▶ **Exercise details**
Set down, exactly and only, everything from the line containing "Fragment #7 - Benidorm" down to the line containing "suspension en b" in the data below; the pictures are not part of the copy.

▶ **Task data**

Segment Open

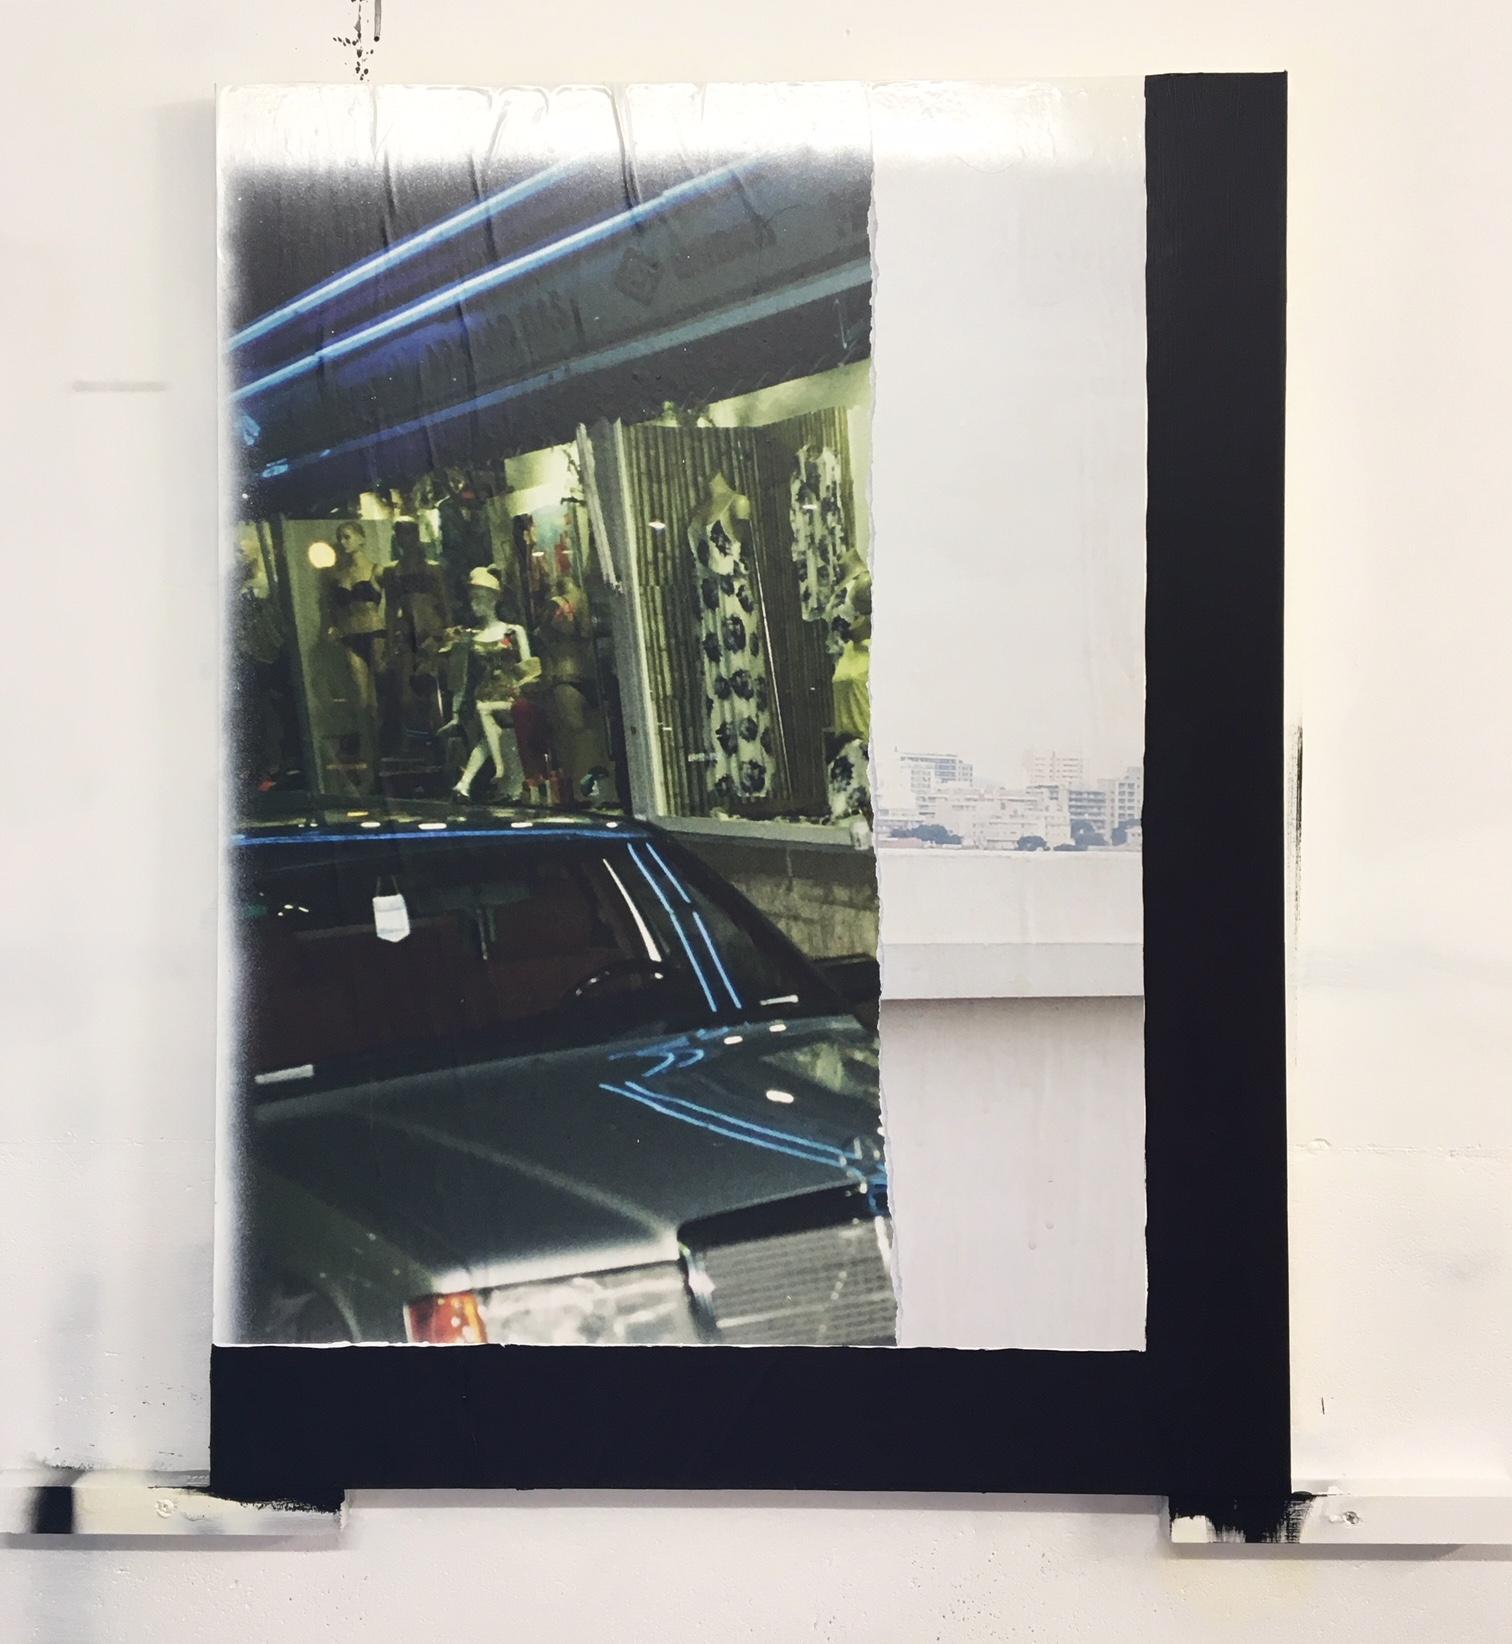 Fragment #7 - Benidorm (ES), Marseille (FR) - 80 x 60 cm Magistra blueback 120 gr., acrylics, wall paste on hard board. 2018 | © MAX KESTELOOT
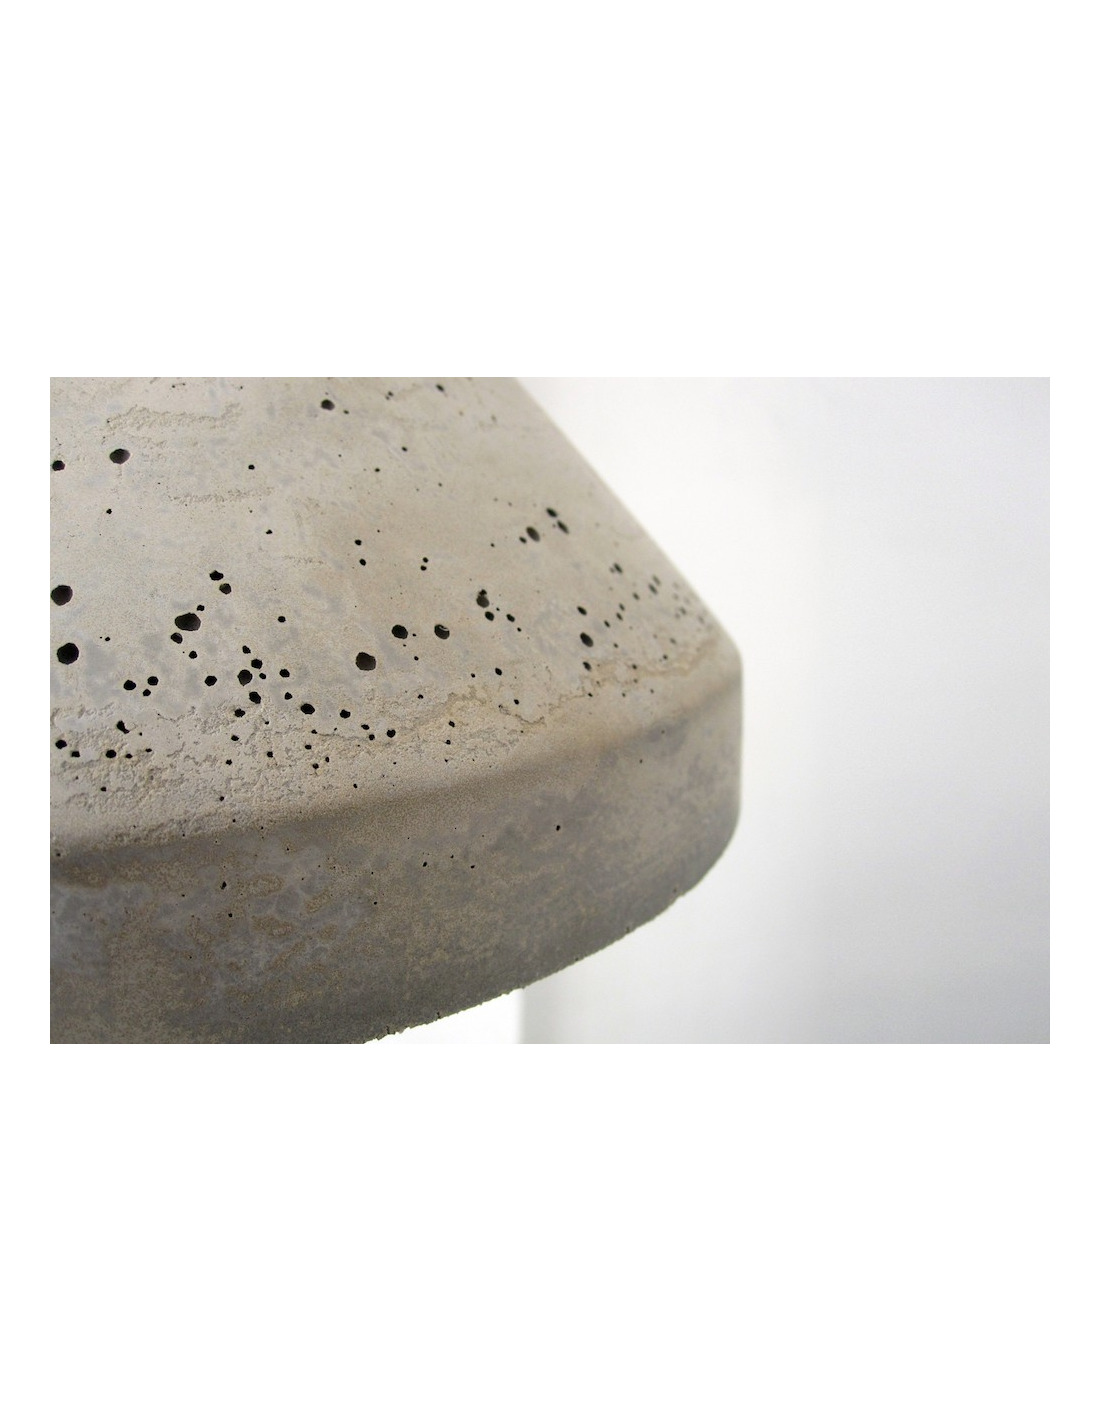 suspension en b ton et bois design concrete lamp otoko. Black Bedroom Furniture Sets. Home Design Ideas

Segment Closed
Segment Open

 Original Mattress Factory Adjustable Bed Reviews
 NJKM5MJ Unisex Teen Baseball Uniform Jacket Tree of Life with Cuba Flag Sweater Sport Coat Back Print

Segment Closed
Segment Open

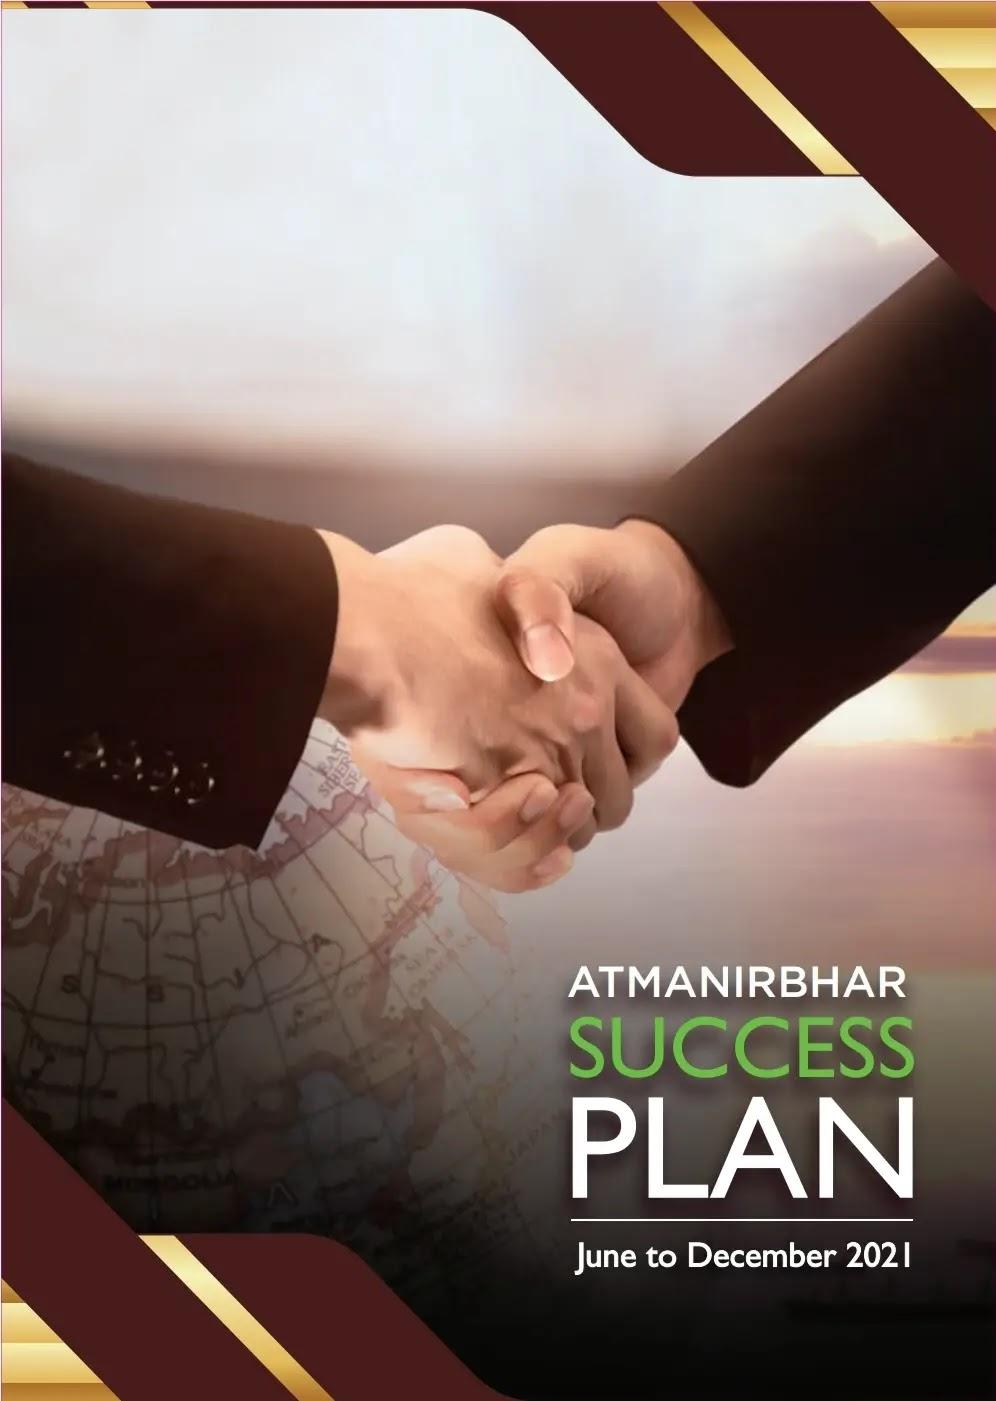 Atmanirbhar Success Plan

Segment Closed

▶ **Task solution**
 Fragment #7 - Benidorm (ES), Marseille (FR) - 80 x 60 cm Magistra blueback 120 gr., acrylics, wall paste on hard board. 2018 | © MAX KESTELOOT
 suspension en b ton et bois design concrete lamp otoko. Black Bedroom Furniture Sets. Home Design Ideas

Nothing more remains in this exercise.